Looking for some help on grouping tables into extr...
# getting-started
e
Looking for some help on grouping tables into extractors/taps for load balancing. Brief background: 100's of tables spread over 5 db servers. Each db server allows 5 simultaneous connections. Most tables have reasonable volume, but some are doing 100's of rows per second. I tried all tables listed in a single extractor, but the big tables take too long and starve the little tables. I tried extractor-per-table, but learned of my 5 connections limit. I'm going for 5 extractors per db with the tables divided up among the extractors (randomly for now, could take care to split up busy tables).

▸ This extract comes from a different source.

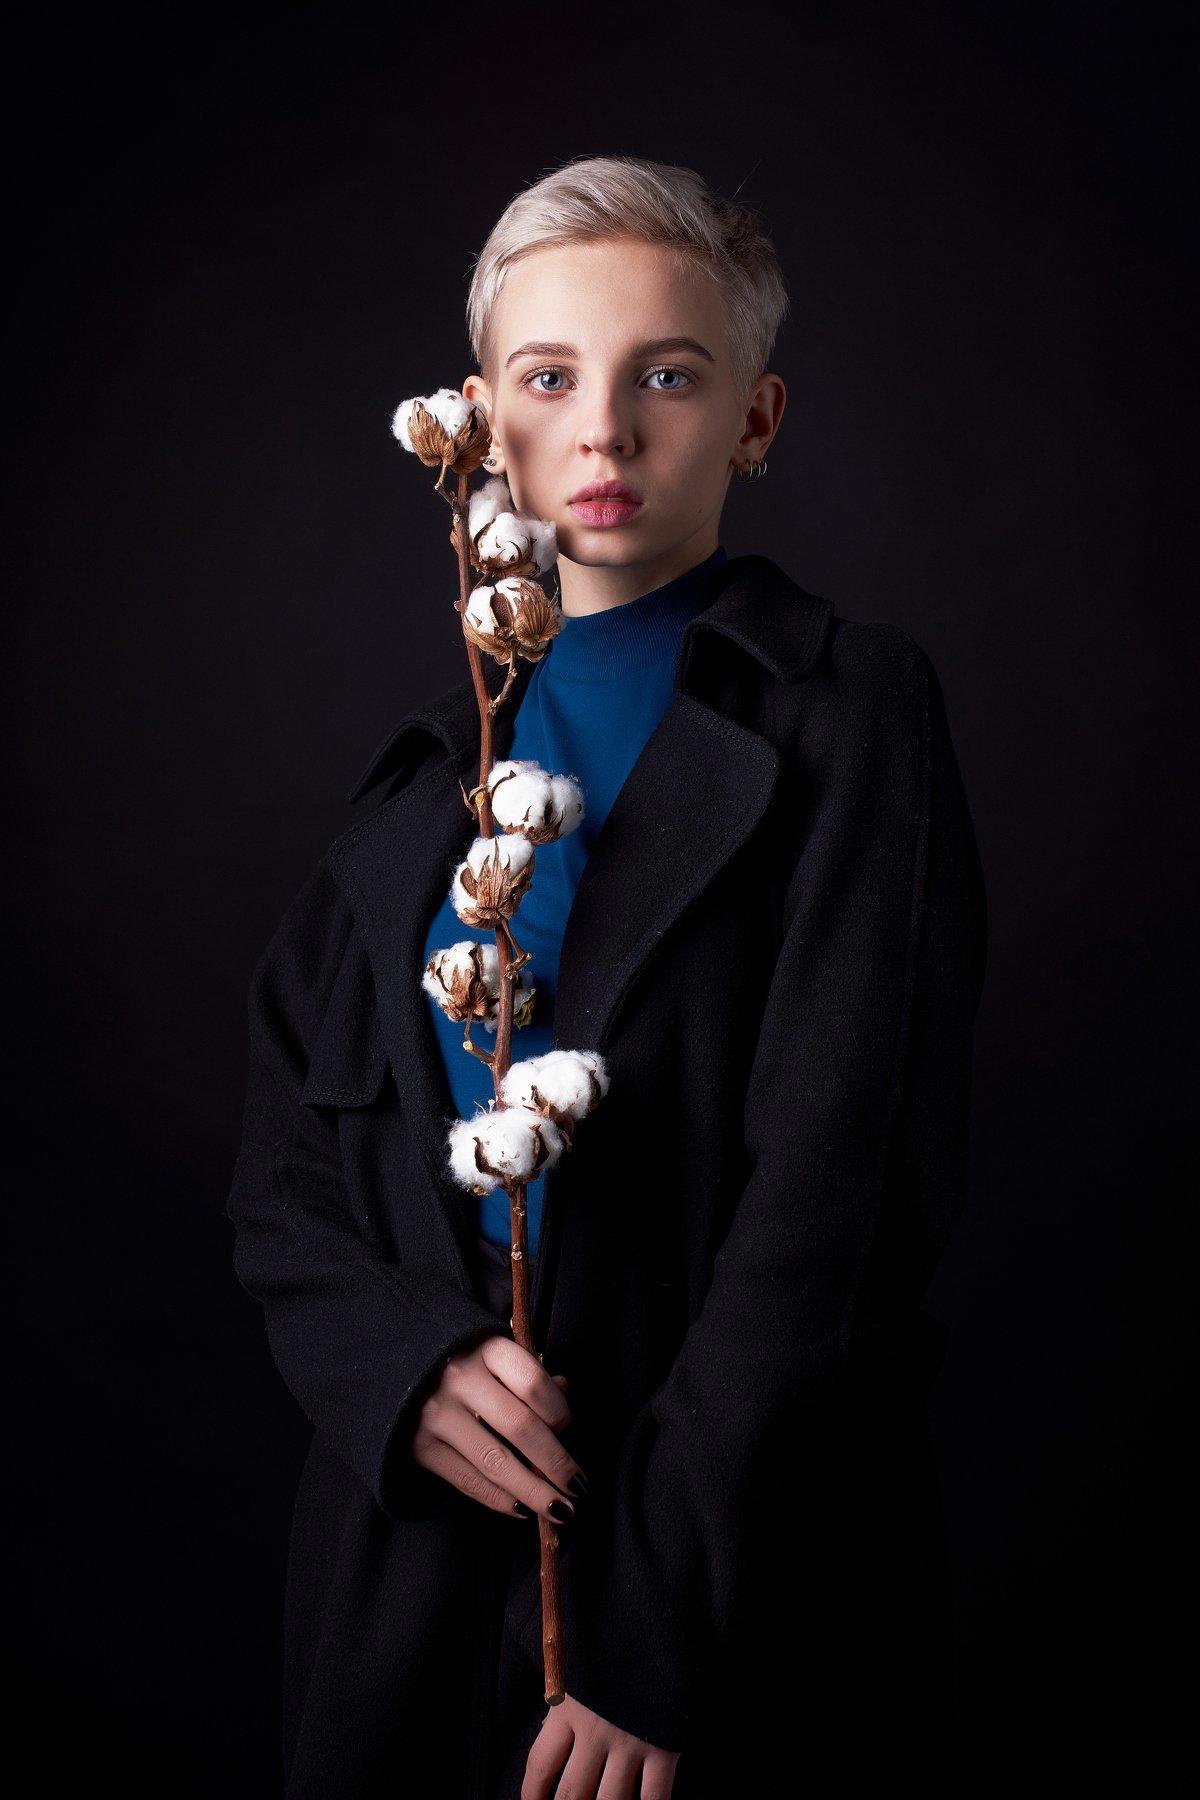 портрет, девушка, хлопок, глаза, blue eyes, portrait, low key, blonde, Наташа Высоцкая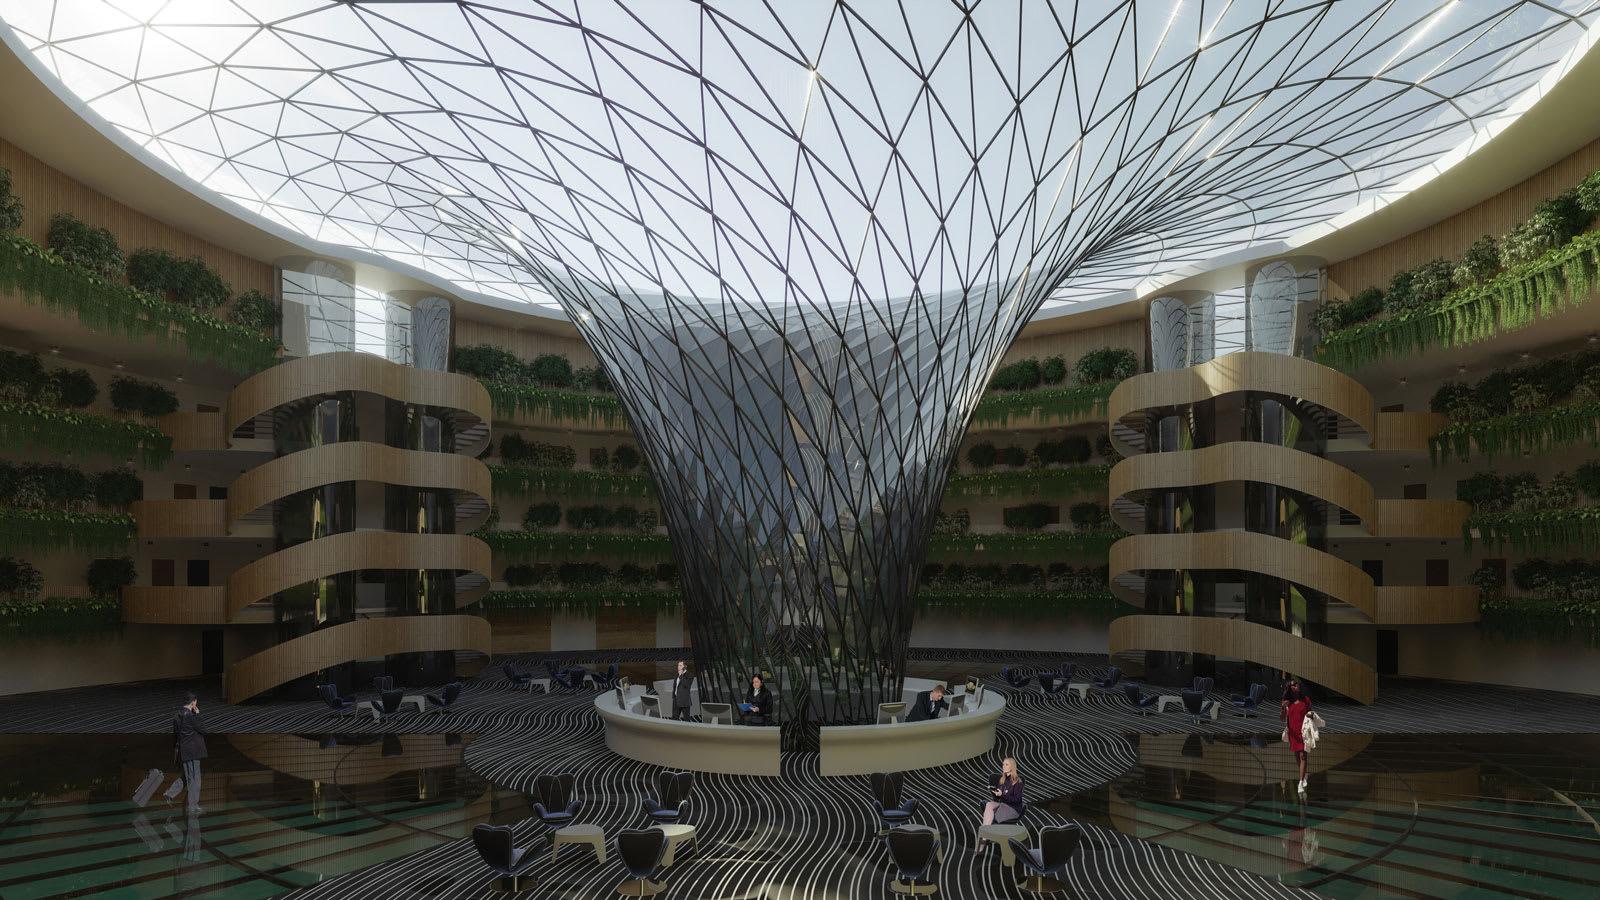 في قطر.. قد يتحول مفهوم فندق عائم ودوّار يصنع الكهرباء الخاص به إلى حقيقة

My question is about state: It seems like state is tracked at the extractor level, so, would it be possible to move a table from one extractor to another in this arrangement if needed for balancing? Any other suggestions on how to handle this?
d
State is tracked based on the Job ID passed to
meltano elt
, which matches the schedule name if you used
meltano schedule
to define a scheduled pipeline. So state is tracked per scheduled pipeline, and multiple pipelines can use the same extractor. In your case, it sounds like you have an extractor for each DB, and then 5 inheriting extractors for each of those with a specific subset of selected tables, and then one schedule for each of those inheriting extractors. Since state is tracked per schedule, moving a stream from one schedule to another would require you to also move the state from one schedule to the other, which right now would require you to manually modify the
job
table in the system database: https://meltano.com/docs/project.html#system-database I'd be interested in exploring automatic parallelization over different tap processes using "subpipelines" so that we could track the state for each DB's tables in one place while the way the tables are balanced over different subprocesses can change over time. @ken_payne has suggested something like that before as well. Maybe it's time to create an issue, Ken?
e
You got my situation just right. It seems like an extractor could have a "max_db_connections" setting and then I could just put all of my tables in that one extractor and it would round-robin processing each table in turn.
Thank you for the info on migrating the state... hopefully I won't face it 🙂
Offhand, do you know if an extractor with multiple tables to sync will round-robin batches or does it try to fully sync each table before moving onto the next?
d
@edward_smith It depends on the specific tap, but typically they just naively loop over the streams/tables and handle them one by one
e
@douwe_maan wrong Edward 😉
d
Sorry about that 😄
k
Thanks for the nudge @douwe_maan - issue here. @edward_smith I would appreciate your thoughts and comments on it too. Especially your experience and requirements around connection pooling, and more generally taking upstream resource constraints into account when making pipeline sharding decisions 😅